Mais dans toute cette équation, il y a une personne que nous devons absolument garder au centre : l’élève !
Et si nous arrêtions de décider à l’avance jusqu’où il peut aller ?
Trop souvent, j’ai l’impression que nous avons déjà déterminé le chemin qu’un jeune pourra parcourir. Que nous avons déjà imaginé sa destination. Que, parfois, avant même qu’il ait eu la possibilité d’essayer, on lui indique ce qu’il pourra ou ne pourra pas faire !
Mais nous oublions une équation essentielle : la détermination et la persévérance d’une personne ayant un TDL.
En novembre 2025, j’ai assisté à une conférence donnée par un jeune homme qui m’a profondément marquée. À 18 ans, il n’avait que sa sixième année. Aujourd’hui, il détient un diplôme universitaire. Lorsque j’ai reçu, pendant mes vacances, une photo de ce jeune homme tenant son diplôme, j’ai repensé à celui que j’avais rencontré quelques mois auparavant. Cette photo m’a profondément touchée.

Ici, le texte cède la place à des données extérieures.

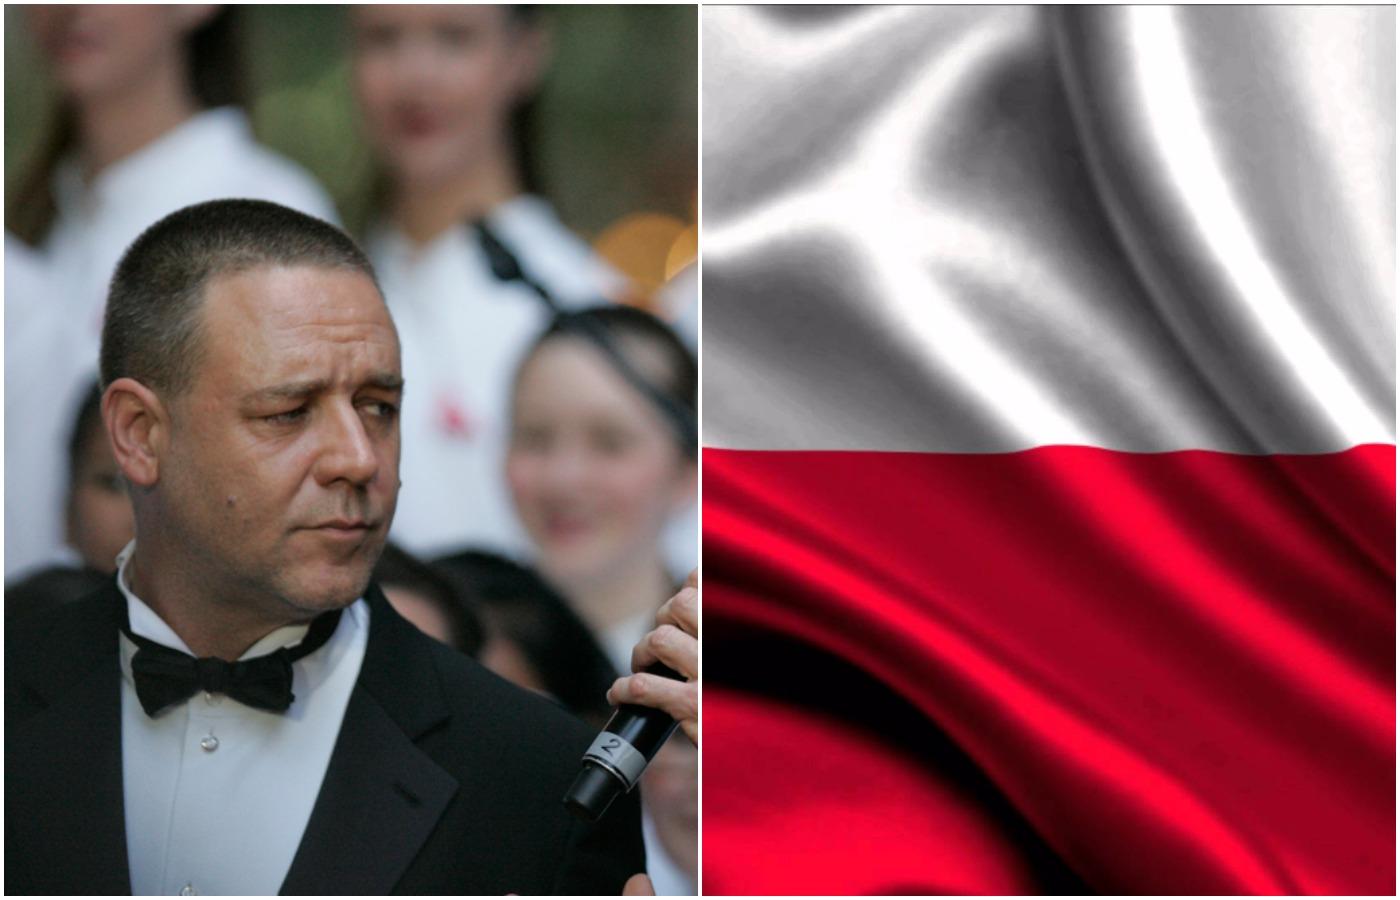 Skąd sympatia Russella Crowe do Polski? Znamy odpowiedź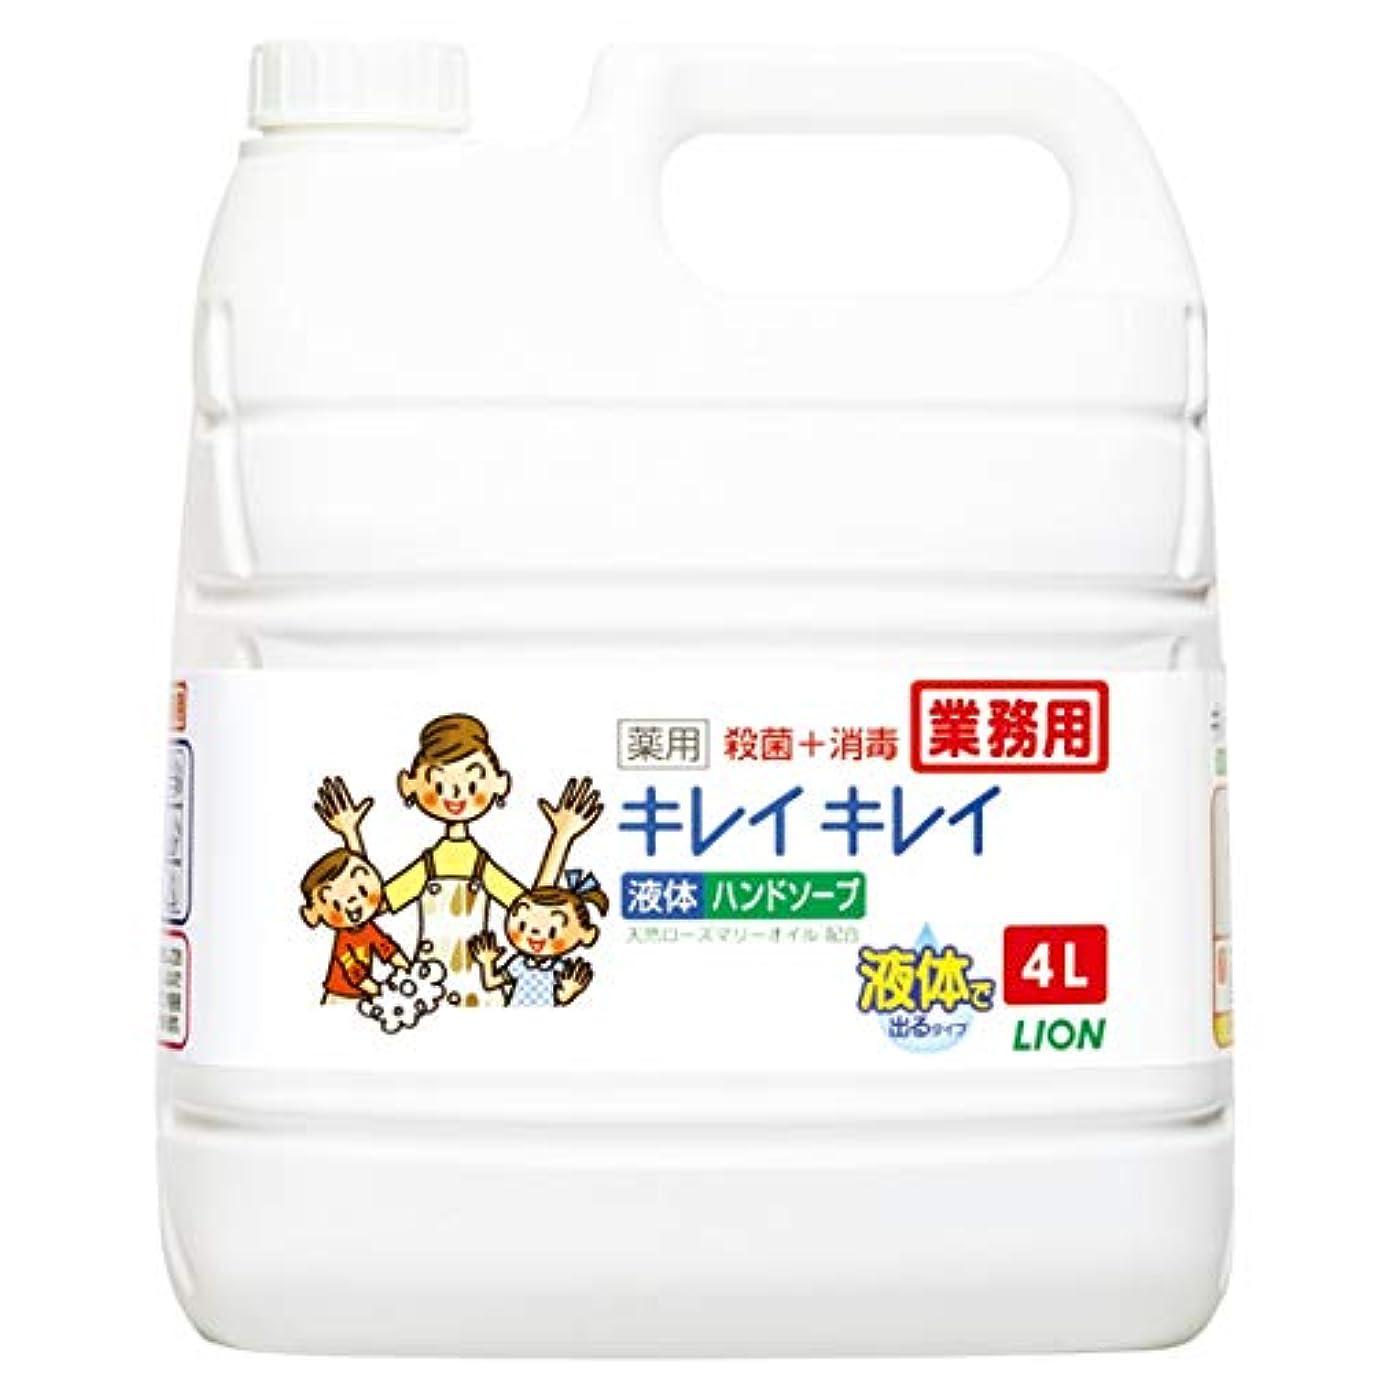 ボクシング石灰岩マトリックス【業務用 大容量】キレイキレイ 薬用 ハンドソープ  4L(医薬部外品)

Mais surtout, ce jeune homme m’a donné, sans le savoir, encore plus de courage et de détermination pour continuer à me battre afin que les gens croient aux possibilités des personnes ayant un TDL.
Oui, certaines personnes, selon leur profil et la sévérité de leurs difficultés, ne pourront peut-être pas obtenir leur diplôme d’études secondaires, poursuivre au cégep ou entreprendre des études universitaires. Les parcours sont différents. Mais certains le feront. Et comment pouvons-nous savoir à l’avance qui y arrivera ?
Et surtout, la réussite ne se mesure pas uniquement à l’obtention d’un diplôme. Plusieurs adultes ayant un TDL ont construit leur vie, leur carrière, leur famille et leur place dans la société sans nécessairement avoir obtenu de diplôme. Leur parcours n’en est pas moins remarquable pour autant.